Что до другого отца, упомянутого в манускрипте Ильдефонса, по имени Корнелиус (или Корнель) Делярош, который, как мы увидим, и был истинным героем всей этой невероятной истории, в других источниках его имя не появляется. Хорошо известен некий Корнелиш Ван дер Клип, иезуит, отправившийся в Индию, но имеется достоверное подтверждение его проживания на Гоа в течение всего интересующего нас периода. Корнелиус де Рюп, автор «Рассуждения о первородном грехе» («Disputatio de peccato originale», Elzevier, Lugduni Batavoram, 1632, in-16) – его произведение входит в библиографический указатель (см.

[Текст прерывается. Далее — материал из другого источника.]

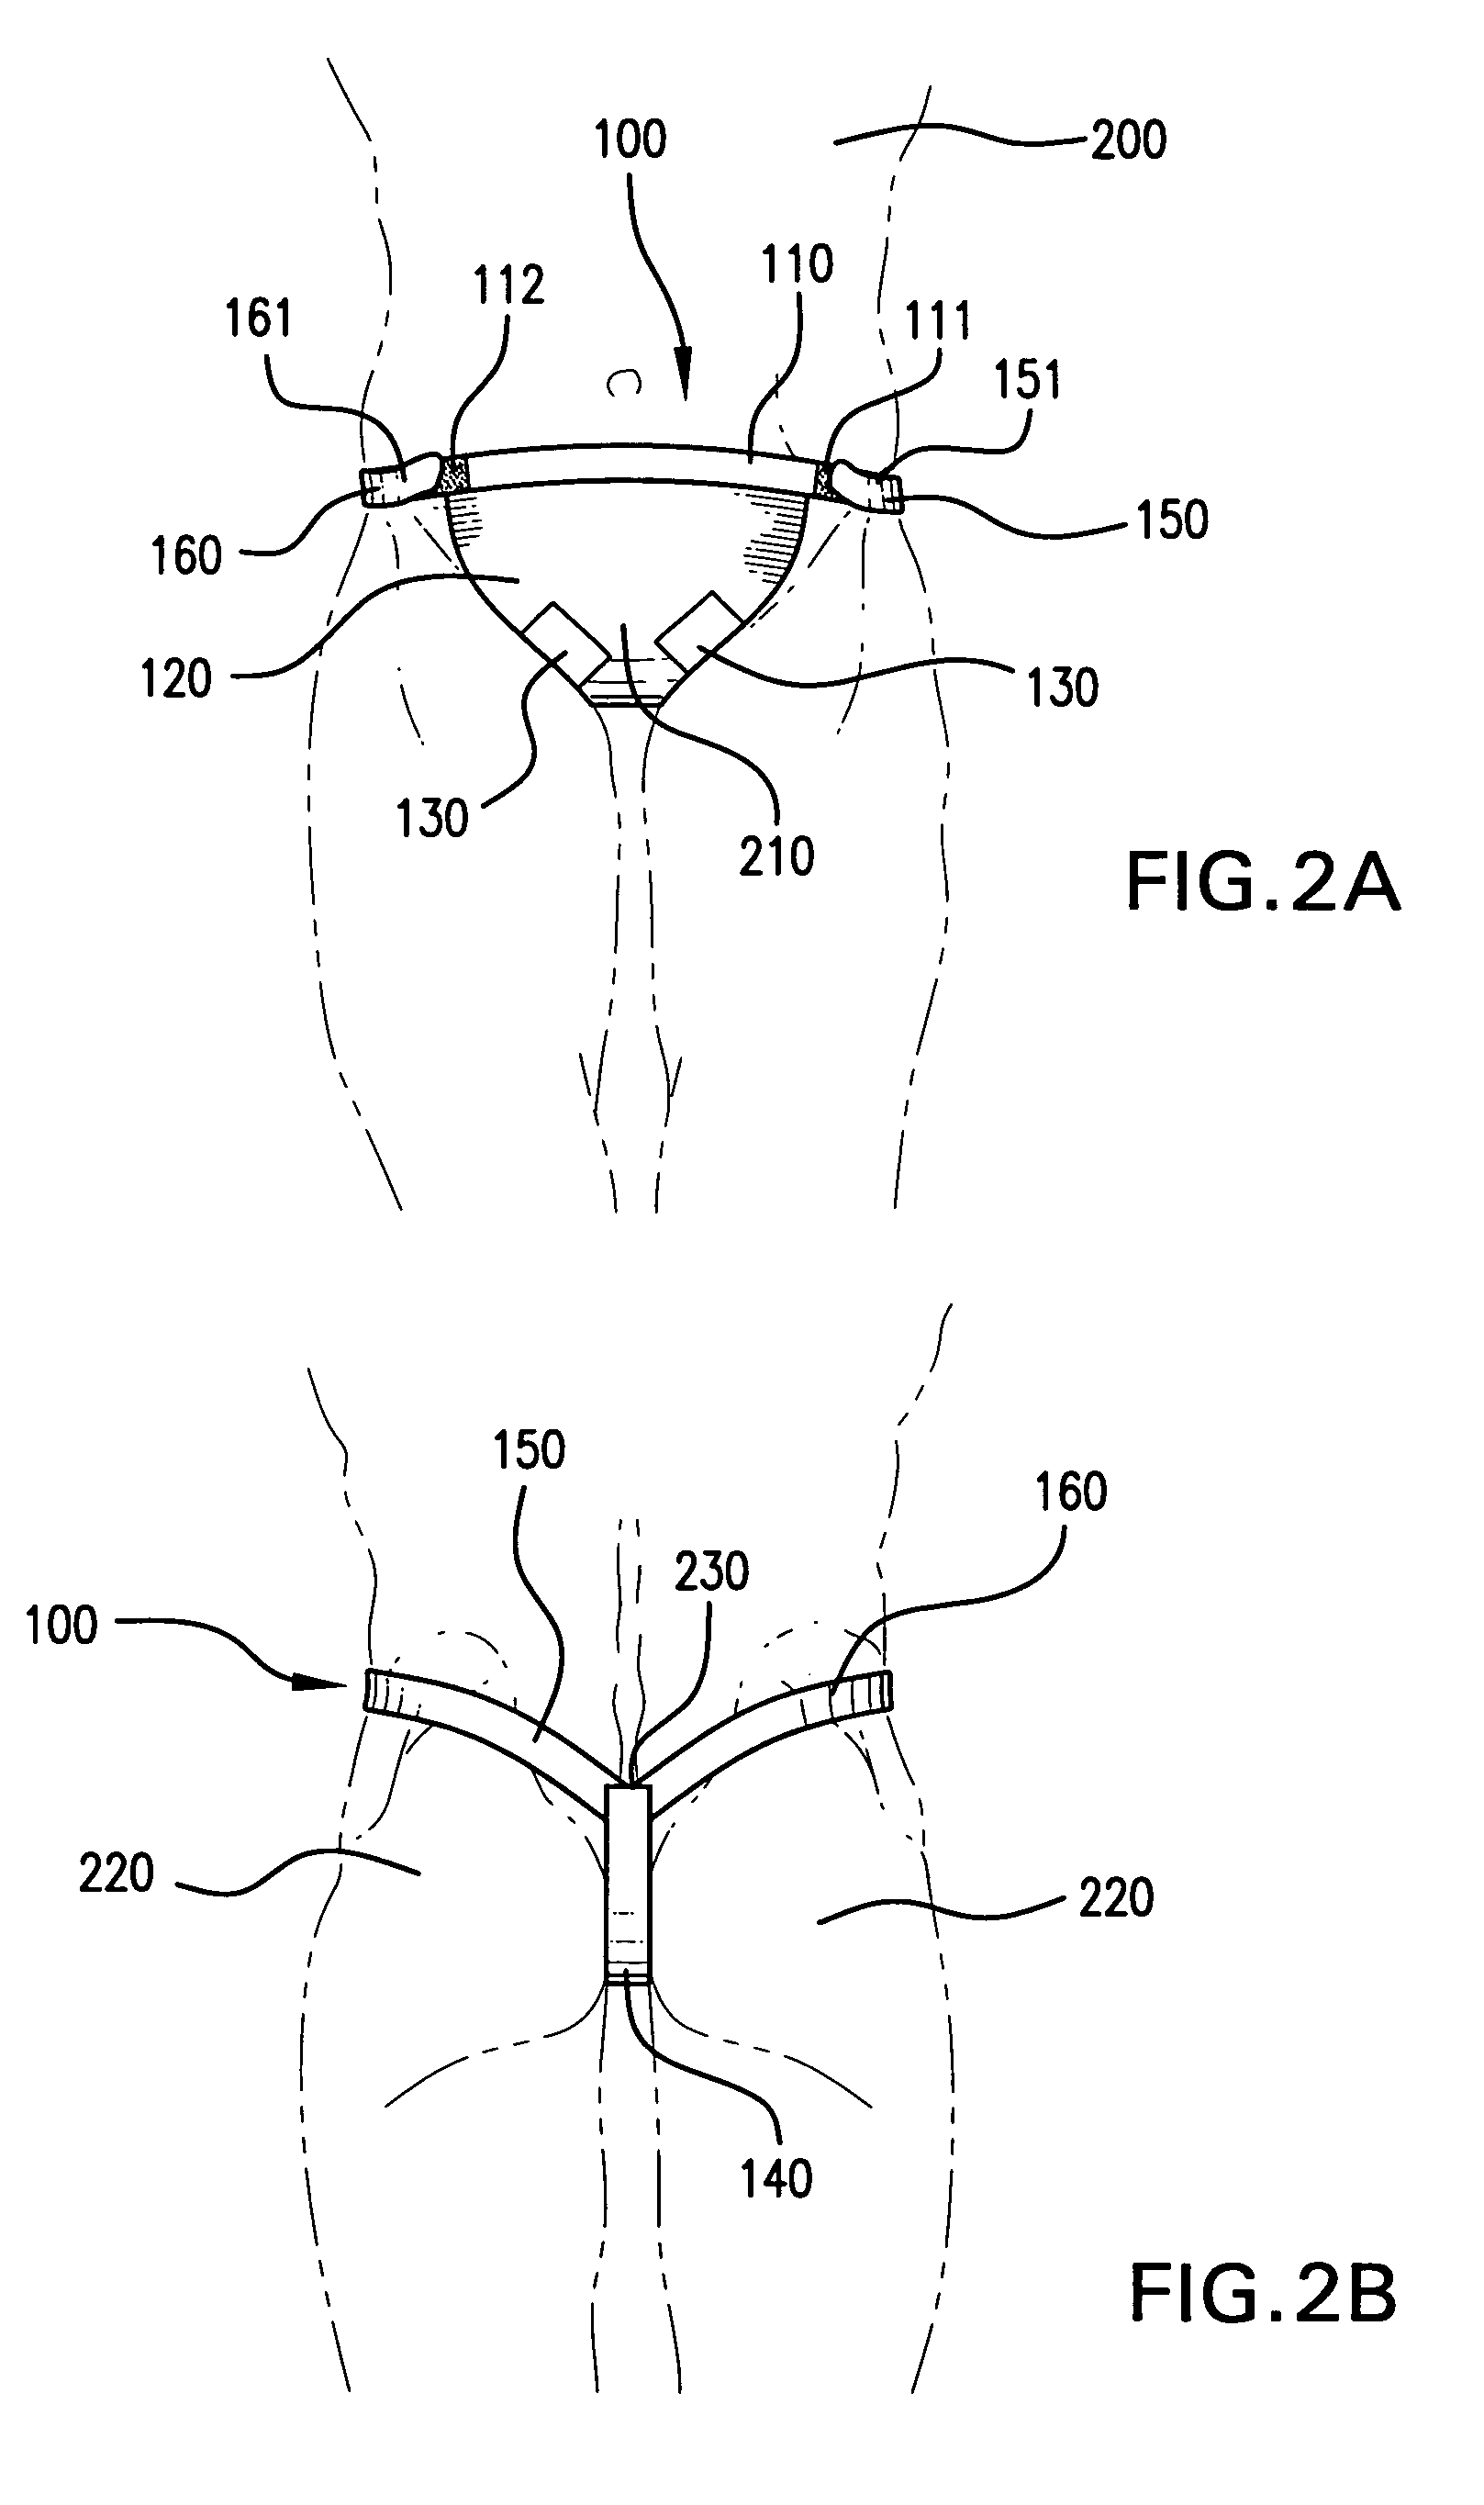 Methods and apparati for the close application of therapeutic and other devices to the pelvic area

Ж. Пэньо «Литературно-критический и библиографический словарь основных книг, приговоренных к сожжению», Бордо, 1806; а также: Керар-Брюне «Утерянные книги и редчайшие уникальные экземпляры», Бордо, 1872); впрочем, он гораздо более известен благодаря страстному возражению – своего оппонента Леонарда Рисениуса («Leonardi Rysenii Justa Detestatio sceleratissimi libelli Jacobi de Rupi, De Peccato Originali», Gorinchera, Cornelius Lever, 1680, in-octavo), – так вот де Рюп никогда не покидал Европы. Не стоит и говорить о том, что какое бы то ни было сближение со знаменитым иезуитским теологом, одним из величайших знатоков библейского текста, Корнелиусом Лапидом, или Ван дер Штайном, основано на ложной омонимии, так как французская версия его имени Корнель Деляпьер.

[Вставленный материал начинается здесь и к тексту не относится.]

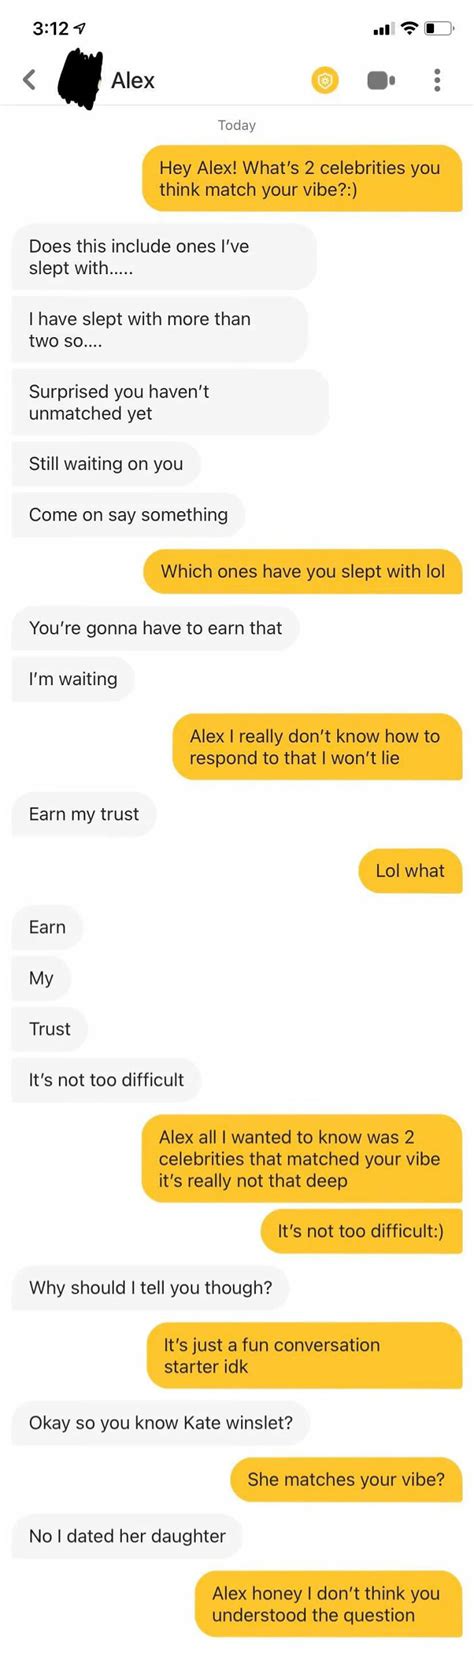 120 Times Bumble Conversations Were So Interesting People Had To Share Them In This Online Group

Кроме того, необходимо заметить, что рассказ о путешествии Монкруа и Деляроша не упоминается ни в одной из книг, где, рассуждая логически, мы ожидали бы его встретить ни в атласе, составленном иезуитом Л. Карресом «Atlas Geographicus Societatis Iesu» (Parisiis, 1900), ни в «Истории Общества Иисусова» иезуита Юлиуса Кордара («Historiae Societatis Iesu», Romae, 1750–1859), ни даже в списке миссионеров-иезуитов («List of Jesuit Missionaries in "Mogon"», Journ. amp; Proc. As. Soc. Bengal, New Series, Vol. VI [1910]: 527–542); и уж тем более его нет в двух книгах, признанных на сегодня наиболее авторитетными изданиями по этой тематике: ни в «Early Jesuits Travellers in Central Asia» Корнелиуса Весселя, ни в «Cathay and the way thither» полковника Юла (с которой, как ни странно для такого значительного труда, выдержавшего несколько репринтных переизданий, можно ознакомиться только в запаснике Национальной Библиотеки на улице Ришелье). Такое же молчание об интересующем нас событии хранят и иезуитские архивы Гоа («Archivum Romanum Societatis Iesu»).

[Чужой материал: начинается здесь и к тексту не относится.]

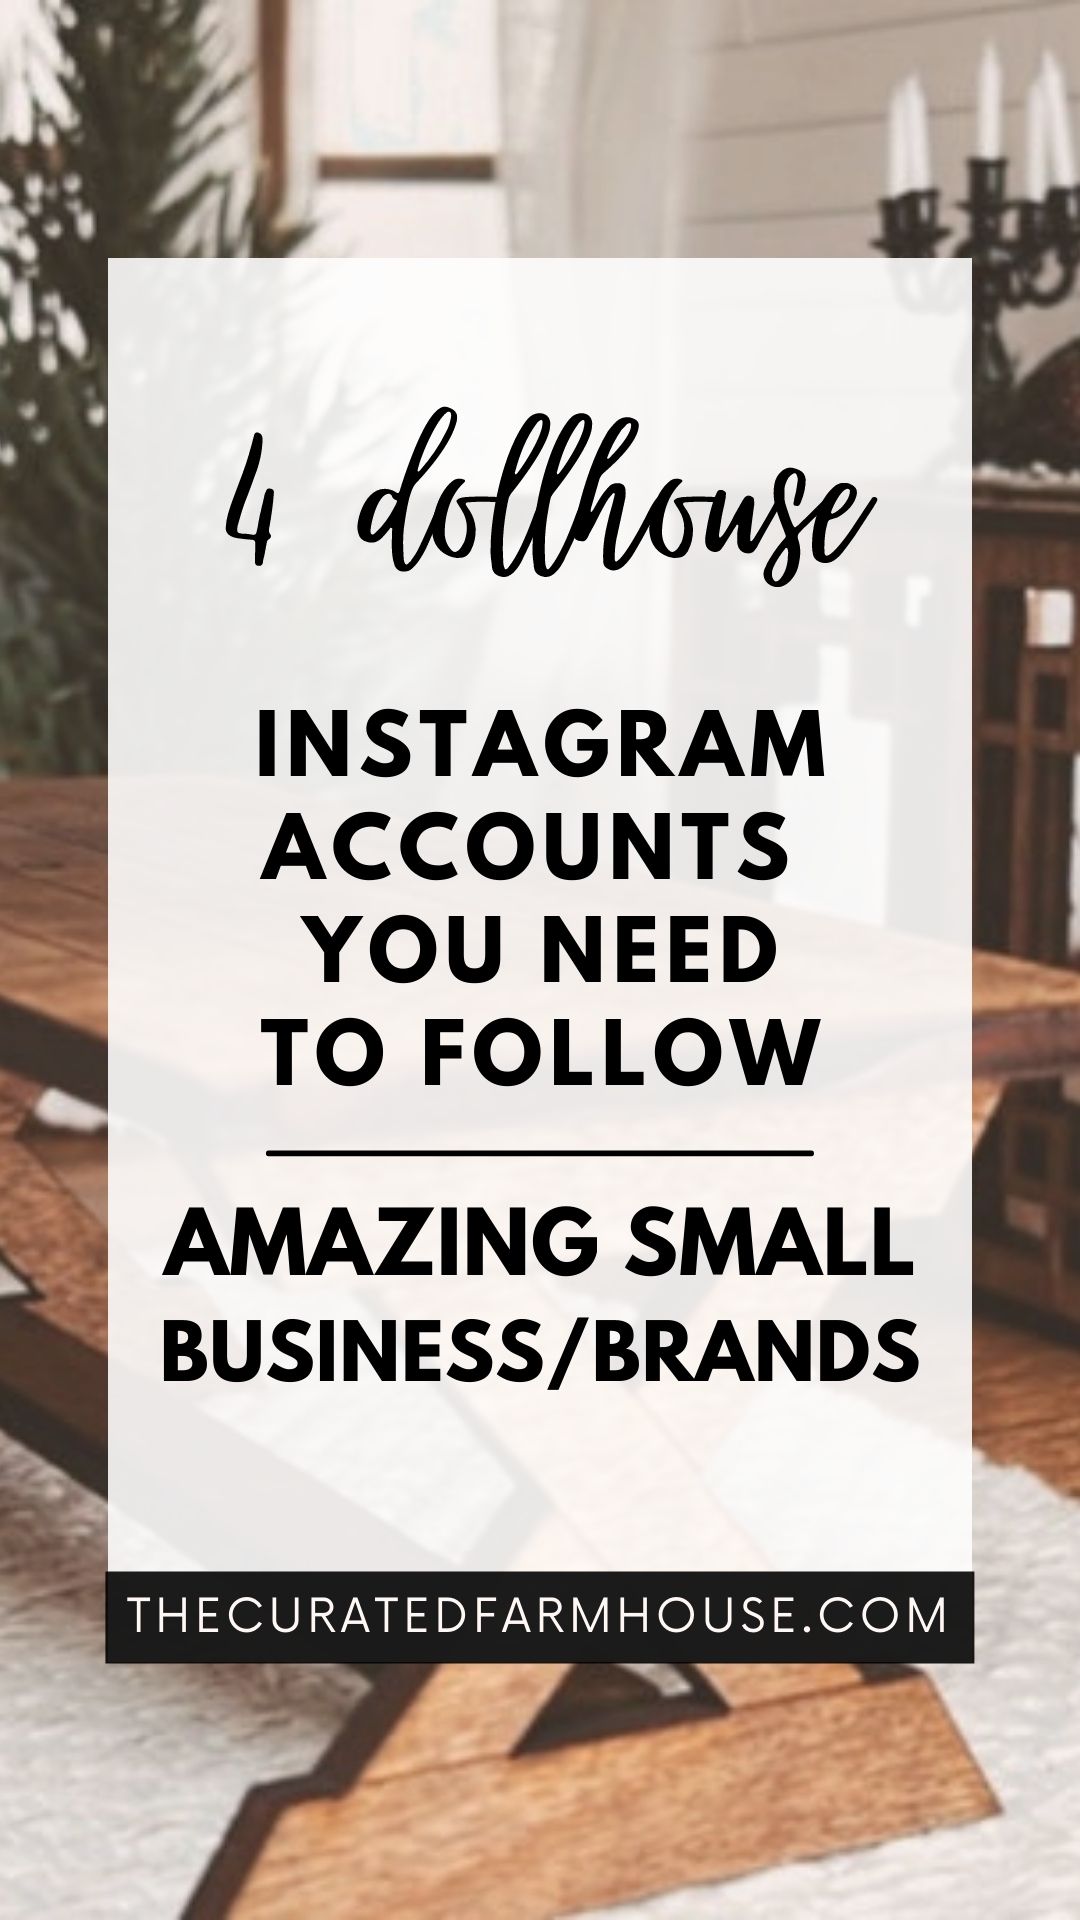 4 Dollhouse Instagram Accounts You Need to Follow

Разочаровывающий результат бесплодных поисков приводит к закономерному подозрению, что речь идет о подделке. Это был бы не первый случай такого рода: разве Жюля Клапрота, величайшего востоковеда XIX столетия, не подозревали в том, что он выдумал все подробности своей поездки в Тибет? Но история этого открытия кажется исключением: трудно представить себе бурята, пусть даже и одаренного и получившего образование в Санкт-Петербурге, который сочинил бы поддельный текст на французском языке XVII века (да и с какой целью?). Гипотеза монтажа разрозненных фрагментов русскими востоковедами не выдерживает никакой критики: если в манускрипте имеются неувязки, очевидные лингвистические анахронизмы и другие шероховатости, вызывающие подозрение придирчивых филологов, он также свидетельствует об уровне знания предмета, которым не могли обладать в то время русские ученые; этот недостаток информации мог быть восполнен ими только частично и был бы сегодня легко разоблачен благодаря фактическим ошибкам, так как им поневоле пришлось бы черпать свою осведомленность из «Путешествий» Пьера-Симона Паласа или делать экстраполяции из «Центральной Азии» Александра Гумбольдта; возможно также, им пришлось бы обратиться к полученным через вторые руки сведениям о Тибете, опубликованным в работах Александра Чома де Кереши (или иначе: Шандора Кереши Чома), неоднократно появлявшихся в журнале «Asiatik Society», а может быть, что еще более вероятно, – к сомнительным рассказам таких путешественников, как Рафаэль Данибегов и братья Атанасовы. Но большая часть фактов, изложенных в тексте рукописи, была подтверждена путешественниками более позднего времени – Хедином, Дютреем де Рэном и безымянными пандитами.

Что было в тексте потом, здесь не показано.